I'll try and remember to take pictures when I get home tonight!


----------



## MysticSky22301 (Apr 16, 2016)

I love goldfish! If someone can't answer your questions pm me ^^


----------



## bookachicken (Nov 22, 2016)

That is awesome that you saved the little guy! Can't wait to see some pictures.


----------



## halleyana (May 25, 2016)

Sorry everyone, there aren't going to be any Smalls pictures coming. My father suffered a massive heart attack and I am moving home to take care of him. Smalls was re homed to a goldfish fanatic friend of mine, I didn't want him to suffer because I won't have the time for him. 

Thanks for the advice anyways, he was a fun little booger and I'm glad he's going to have a huge tank and buddies to live with.


----------



## ryry2012 (Mar 31, 2015)

I'm glad that Smalls could stay with you and now at a good home.

I'm so sorry to hear that your father suffered a massive heart attack  I hope he will recover fast and regain strength.


----------



## Hopefish (Feb 9, 2016)

Oh no!
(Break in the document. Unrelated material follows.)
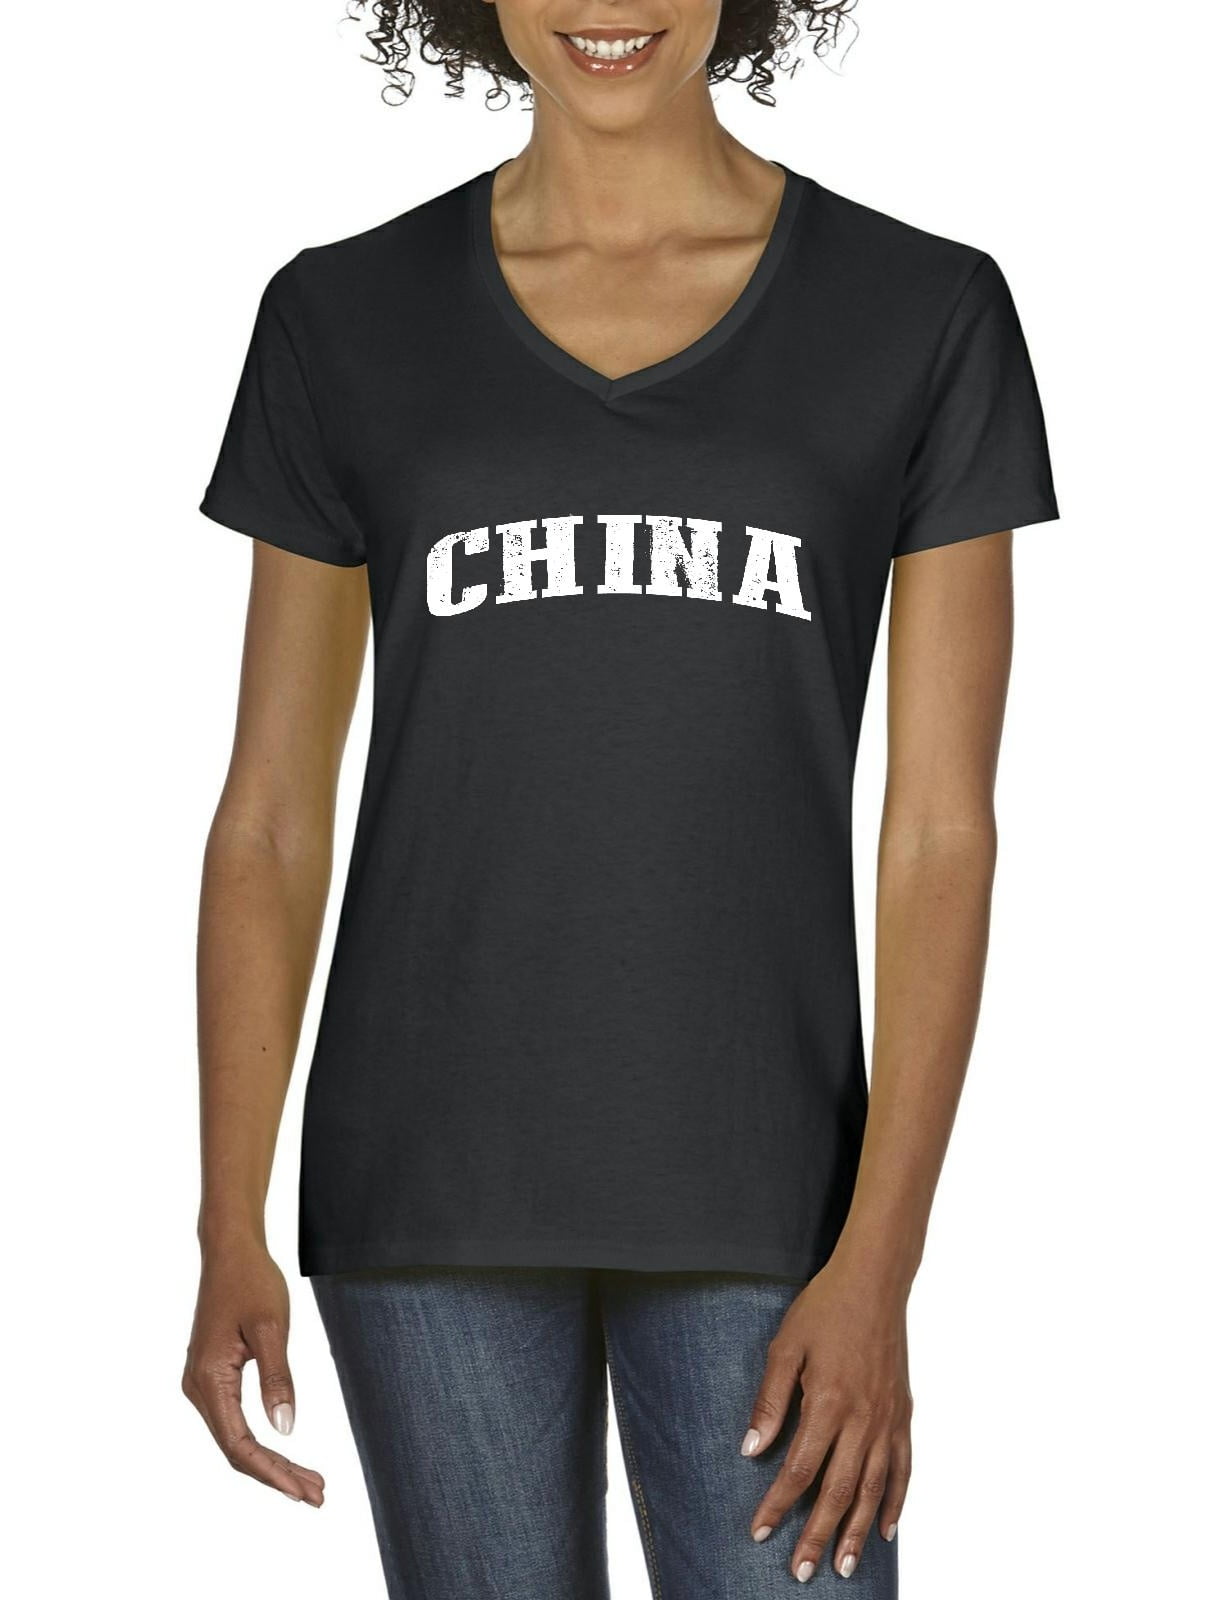 Womens clothing deals online xuan hong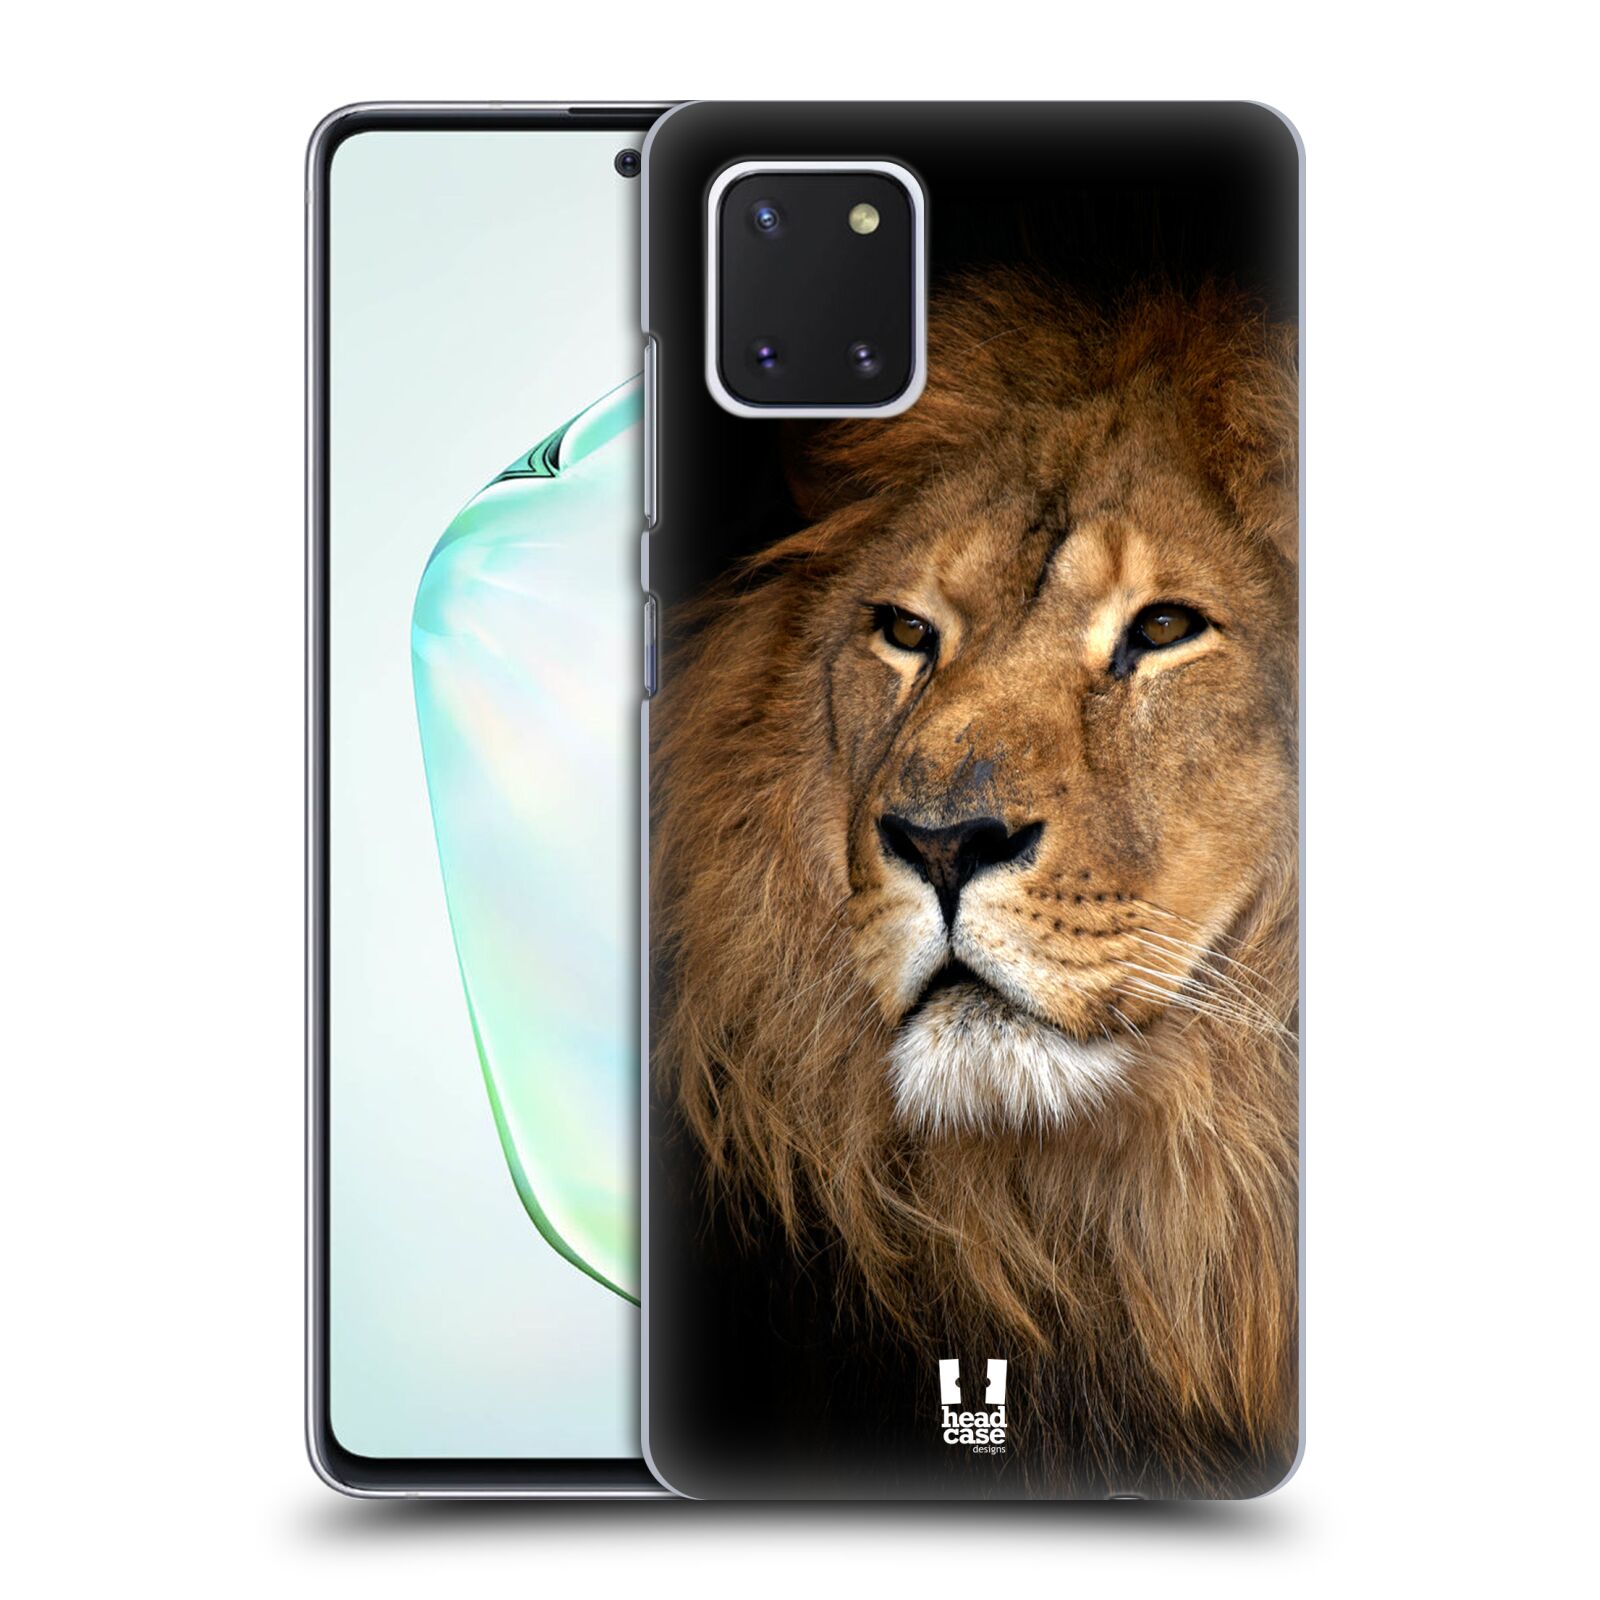 Zadní obal pro mobil Samsung Galaxy Note 10 Lite - HEAD CASE - Svět zvířat král zvířat Lev

I hope your father feels better soon!


----------



## ShadeSlayer (Jul 20, 2015)

Best wishes to your father! I hope he heals fast


----------



## MysticSky22301 (Apr 16, 2016)

As long as smalls has a good home and your dad recovers!


----------



## halleyana (May 25, 2016)

Thanks for the well wishes, my dad's heart was repaired, but he has an anoxic brain injury and his recovery is measured in years. Right now we're just taking in one day at a time.


----------